DESIGN: Treatment group participants were assessed at baseline, after a 10-week exercise intervention, and 6 months after completion of the intervention.
SETTING: Community.
PARTICIPANTS: Participants (N=40) with self-reported TBI from 6 months to 5 years prior to study enrollment and a score of 5 or greater on the Patient Health Questionnaire-9.
INTERVENTIONS: Ten-week exercise intervention program consisting of supervised weekly 60-minute sessions and unsupervised 30 minutes of aerobic exercises 4 times each week. Telephone follow-up was conducted every 2 weeks for an additional 6 months to promote exercise maintenance for individuals randomized to the intervention group.

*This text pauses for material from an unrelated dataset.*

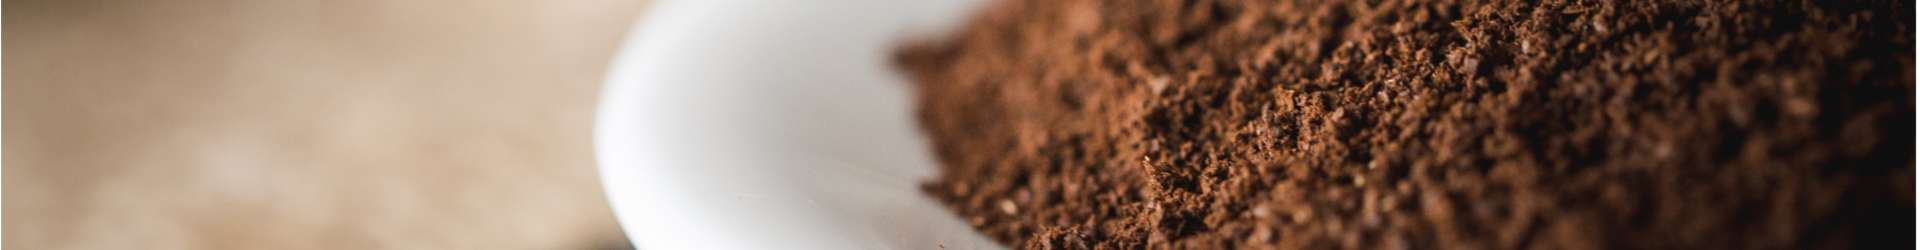 Hier findest Du alles rund um die Arten der Kaffeezubereitung

MAIN OUTCOME MEASURE: Beck Depression Inventory (BDI) comparing participant outcomes over time. Post hoc analyses included comparison among those who exercised more or less than 90 minutes per week.
RESULTS: Participants reduced their scores on the BDI from baseline to 10 weeks and maintained improvement over time. Many participants (48%) demonstrated increased physical activity at 6 months compared with baseline. Those who exercised more than 90 minutes had lower scores on the BDI at the 10-week and 6-month assessments and reported higher perceived quality of life and mental health.
CONCLUSIONS: Exercise may contribute to improvement in mood and quality of life for people with TBI and should be considered as part of the approach to depression treatment.